Это-то и является желаемой вечностью и чaeмым концом Истории, по сути означающим «Третий Завет». Волынский мечтает о том, чтобы народы мира пробудились, объединились и взяли на себя обязанность духовного поиска, чтобы они вспомнили те общие ценности, которые ведали в эпоху своего кочевого младенчества. «Народы мира, наденьте шапки, вы все в пути!»[21] — восклицает он, переосмысляя известный еврейский обычай. Воцаряется древняя и вечная наднациональная религия, только на время зaбытая, – а сохранивший ее народ, оставшись без храма и территории, распыляется. Человечество созревает и берет на себя обязанность «пути», прежде – только еврейскую.

Этот пpизыв к новому кочевью – странствию в духе – звучит прямой полемикой с ариософией: там бродячее, бездомное племя угрожает прекрасному в своей природной цикличности арийскому существованию, и в той перспективе призрак «вечного жида» есть страшный и демонический символ перманентной духовной революции. Здесь же все человечество пускается в вечное духовное кочевье.

В отличие от ариософского круговорота космических циклов, время у Волынского – линейное, однонаправленное, устремленное к искуплению: «Но и еврейский ковчег легчает – и скоро станет солнечной пылью»[22]. Однако, уверен Волынский, и в этой возвышенной перспективе что-то останется незыблемым: «сооружения, построенные из библейского кедрового материала, особенно крепки в своих основах и не боятся разрушительного вихря истории. Они устоят навсегда – это можно сказать с уверенностью»[23]. Что же это за сооружения? Это, несомненно, морализм, который, согласно Волынскому, есть альфа и омега: как мы видели, он и сам, суммируя свою духовную историю в книге «Гиперборейский гимн», называет себя в первую очередь моралистом, а уж потом литературным критиком, историком искусств и т.д.

 

Духовные корни Рембрандта. Книга о Рембрандте задумывалась давно. С начала 1906 года Волынский многократно ездил  в Бельгию и Голландию с целью изучения художественного материала для задуманных им искусствоведческих трудов; он собирался писать о том, что голландская и фламандская живопись развивались столь разными путями, поскольку истоки той и другой лежали в совершенно несхожих примитивных традициях[24].  Очевидно, тогда и возникла его новаторская концепция Рембрандта, развернувшаяся в глубочайшее исследование духовных корней его искусства в сравнительном аспекте, законченное незадолго до смерти писателя.
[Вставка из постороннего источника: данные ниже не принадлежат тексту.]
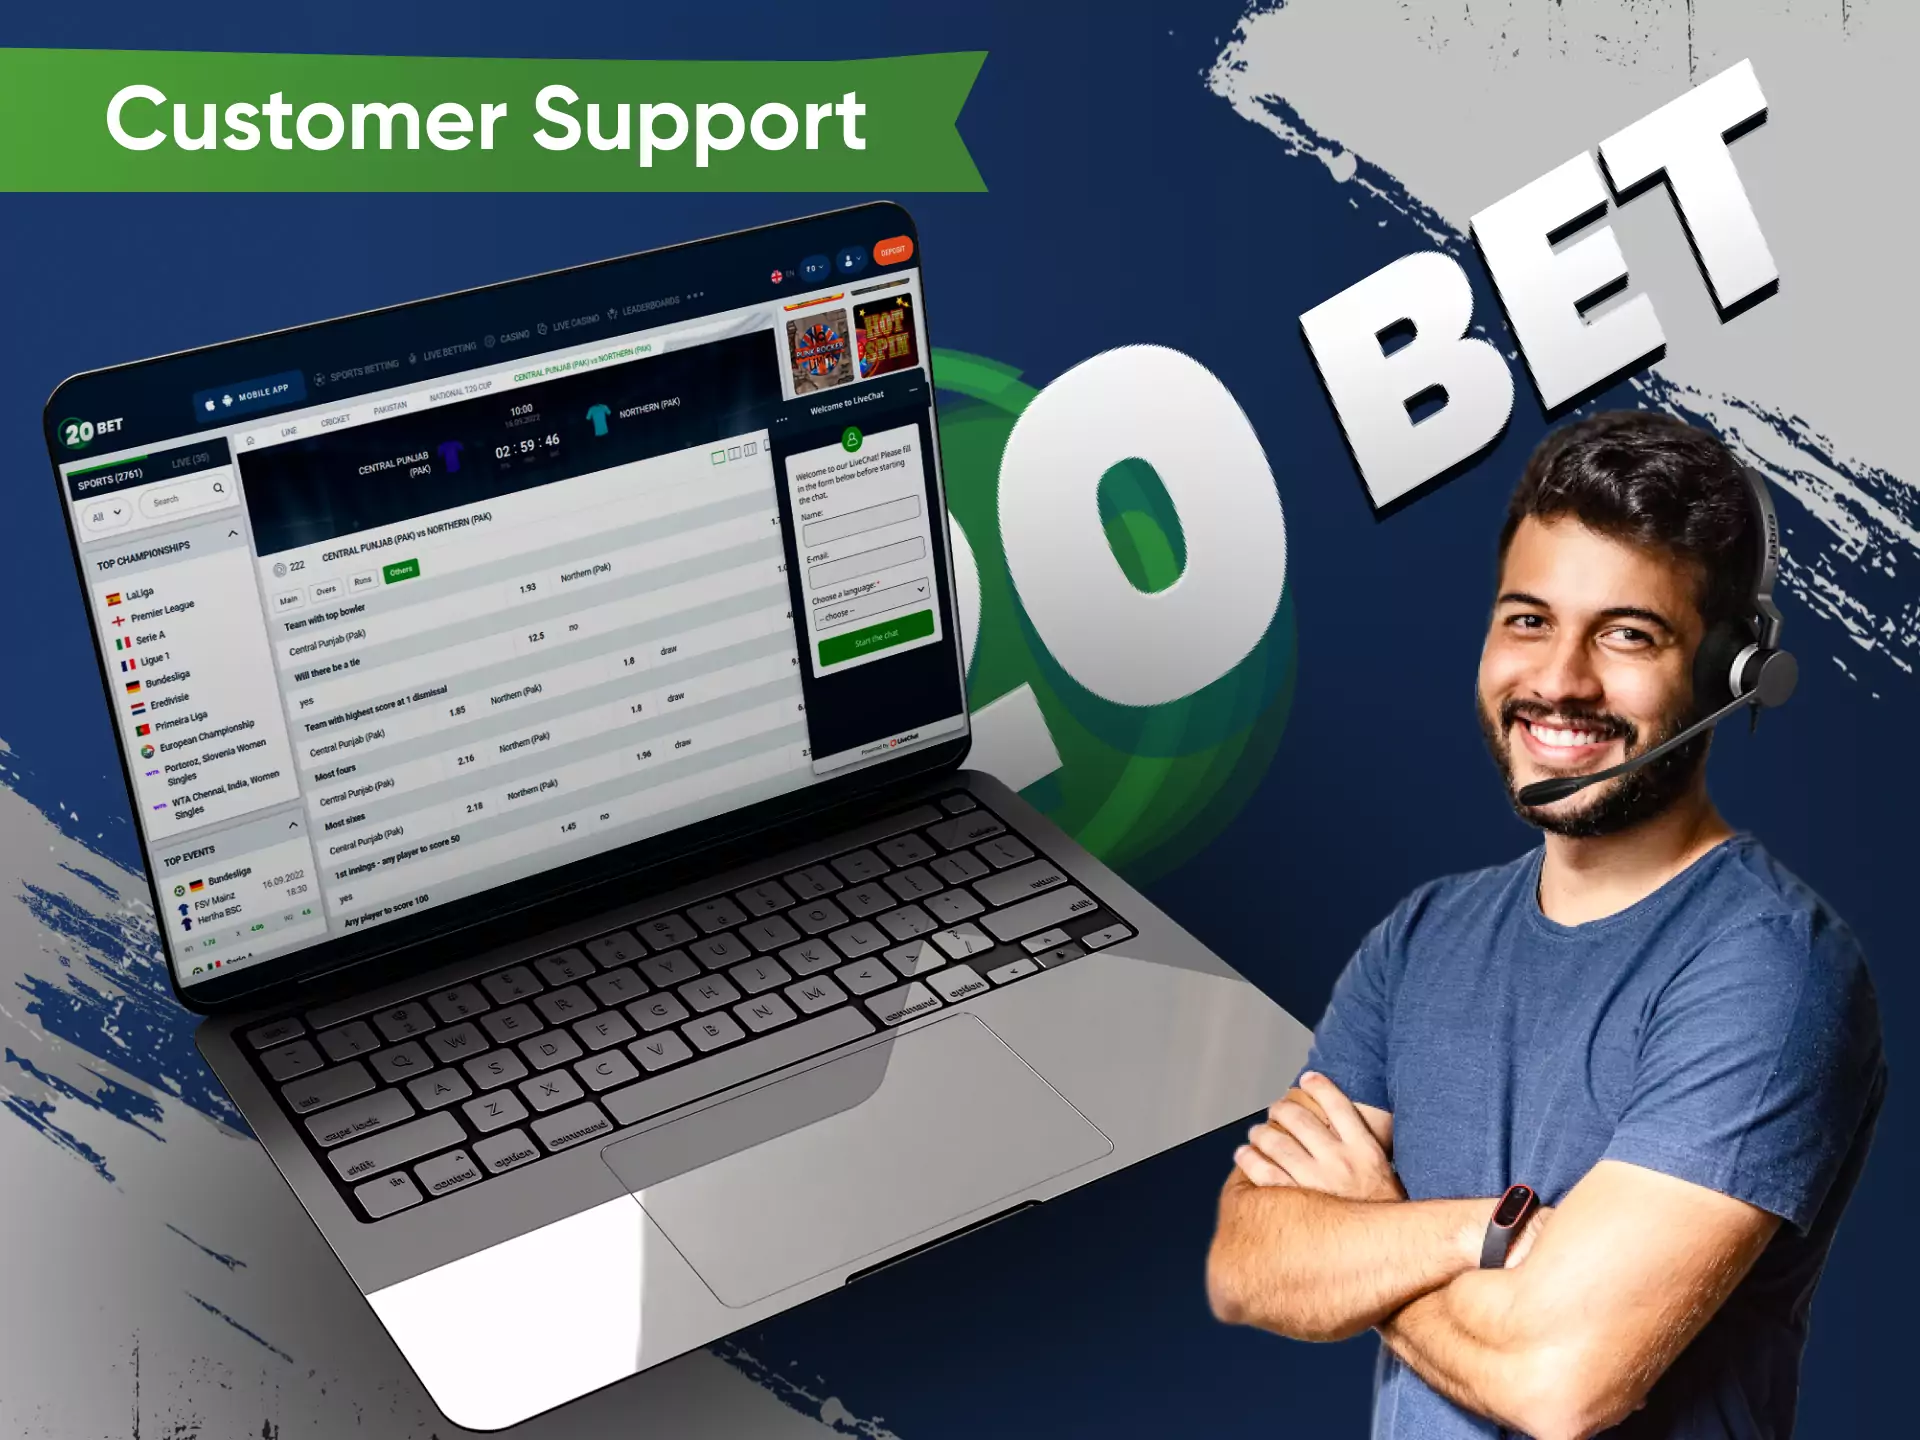 If you have questions, feel free to ask 20bet customer support.

Рабочей гипотезой для монографии о Рембрандте служит мысль, что, независимо от происхождения художника, он идеально воплощает еврейское мироощущение – находясь в окружении его картин, «все время находишься в контакте с особым мироощущением, которое можно назвать иудейским восприятием жизни и людей»[25]. Эту мысль, как пишет сам Волынский, впервые выразил Фромантен в «Старинных мастерах»: «Никому как Фромантену, ему одному мы обязаны гениальным прозрением в расовые черты рембрандтовского творчества <…> Фромантен намеком выразил мысль о том, что Рембрандт еврей, и эта мысль уже пустила ростки повсюду в Европе»[26].  О связи Рембрандта и еврейства писал в книге 1922 года и художник Леонид Пастернак, опираясь на интуитивное ощущение, ср.: «…Подолгу простаивая перед многими его … полотнами, я смутно всегда ощущал еще какой-то плюс, некоторое “что-то”, что меня к нему влекло и по-иному. Это мое сначала неясное ощущение “чего-то” постепенно, с годами, по мере знакомства моего со всем его Oeuvre’ом (целым творением) и его личной жизнью, вырастало в более отчетливое и определенное убеждение в существовании какой-то особой внутренней связи или близости между такими, я бы сказал, не вяжущимися по виду элементами, как Еврейство и Рембрандт…»[27]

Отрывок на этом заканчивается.